Because of the challenges of life in the camp, @gm____sy0 says, they joined TikTok a month ago. The camp is crowded, they say, and conditions are terrible. “We don’t have food or water, and we suffer for living,” they say. “We show the live stream to get daily food to feed our kids. We are very hungry and thirsty.”

@gm____sy0 — who no longer has Live access — says they’re far from alone: “There are a lot of people on TikTok like me.” That includes @user1828419131780, a man whose videos show at least four children. Writing in broken English, he says he and his family moved to a camp near the Turkish border eight years ago because of a lack of work in the north of Syria where he lived.

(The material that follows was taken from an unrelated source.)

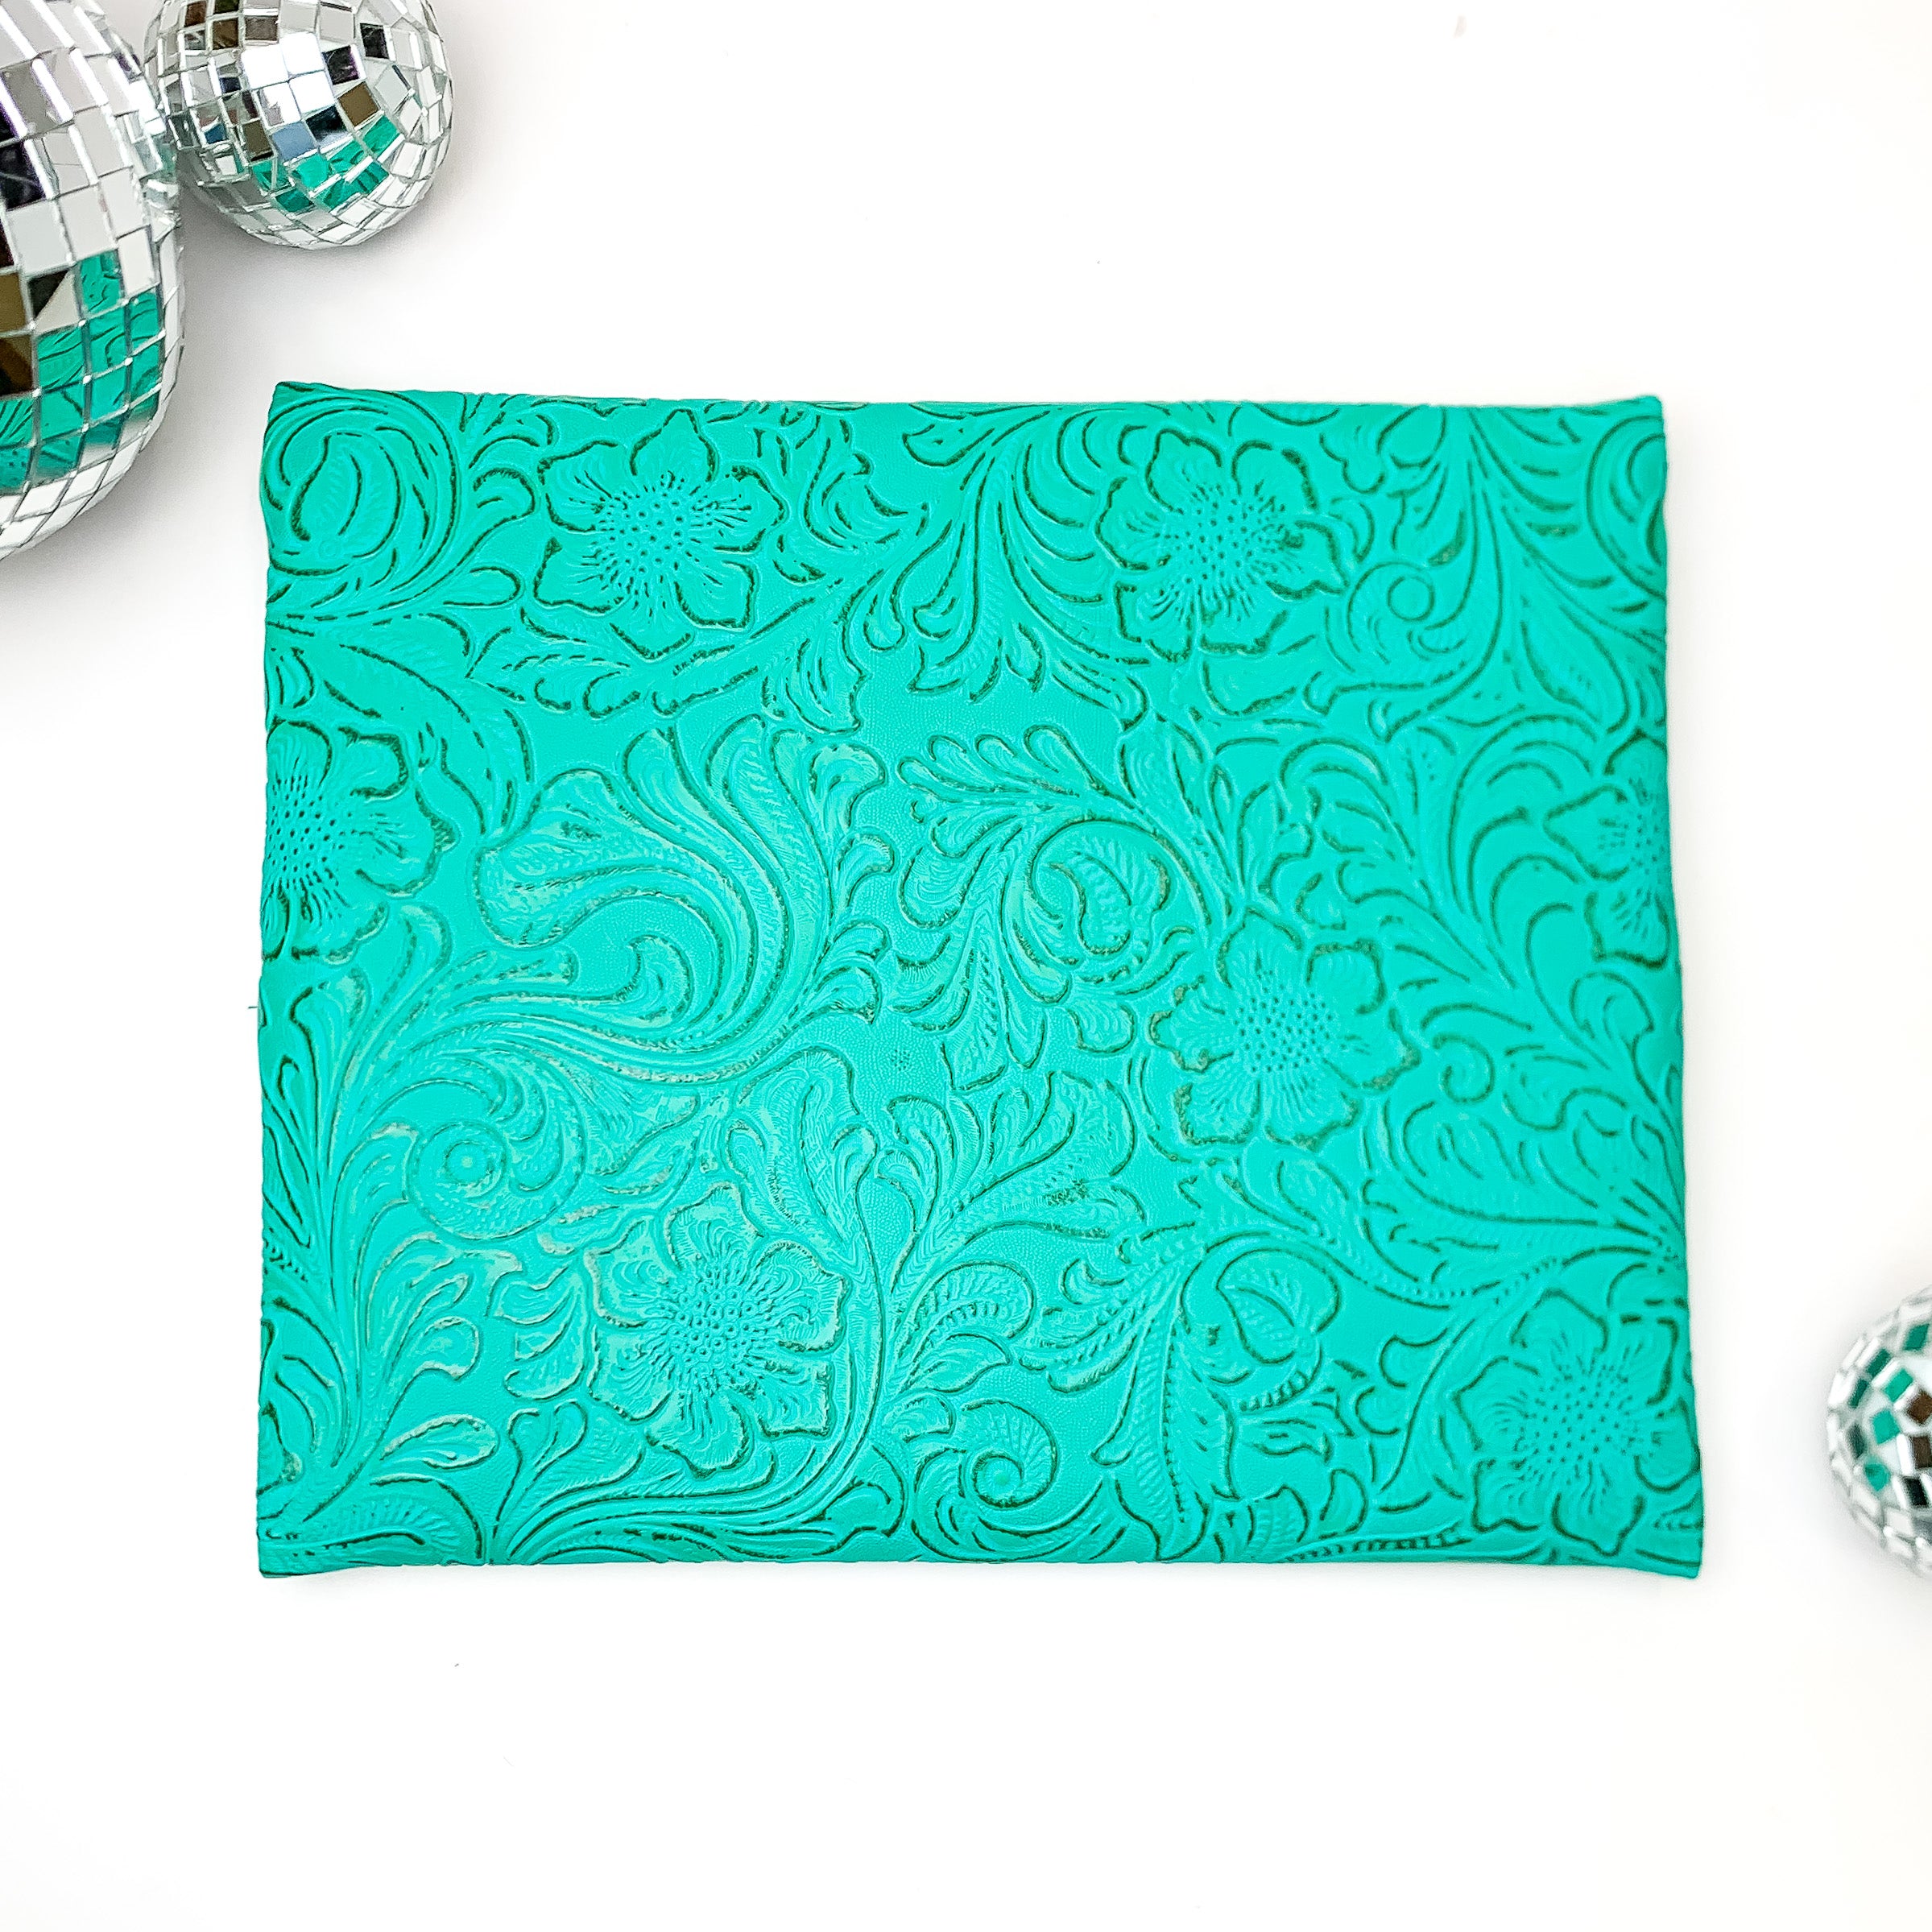 Makeup Junkie | Small Turquoise Dream Lay Flat Bag in Turquoise Green Tooled Print

At one point, @user1828419131780 offers to provide proof of the difficulties he’s facing. “I send you pictures of the camp and how I live, me and my children,” he writes. “A very bad situation.”

I give him my email address. No pictures ever arrive. He stops answering my questions.

It’s difficult to know why such users are so unwilling to talk. Skeptics will say it’s because they’re aware of the questions about their legitimacy and don’t want to give away the game while it’s still lucrative. Believers will point to the fact that surviving in refugee camps is difficult enough without answering questions from Western journalists.

Whatever the case may be, TikTok users should approach these accounts with caution. “Access to social media can generate opportunities, especially for vulnerable populations,” says UNHCR’s Hazelwood, “but it can also be misused sometimes to exploit and hurt.”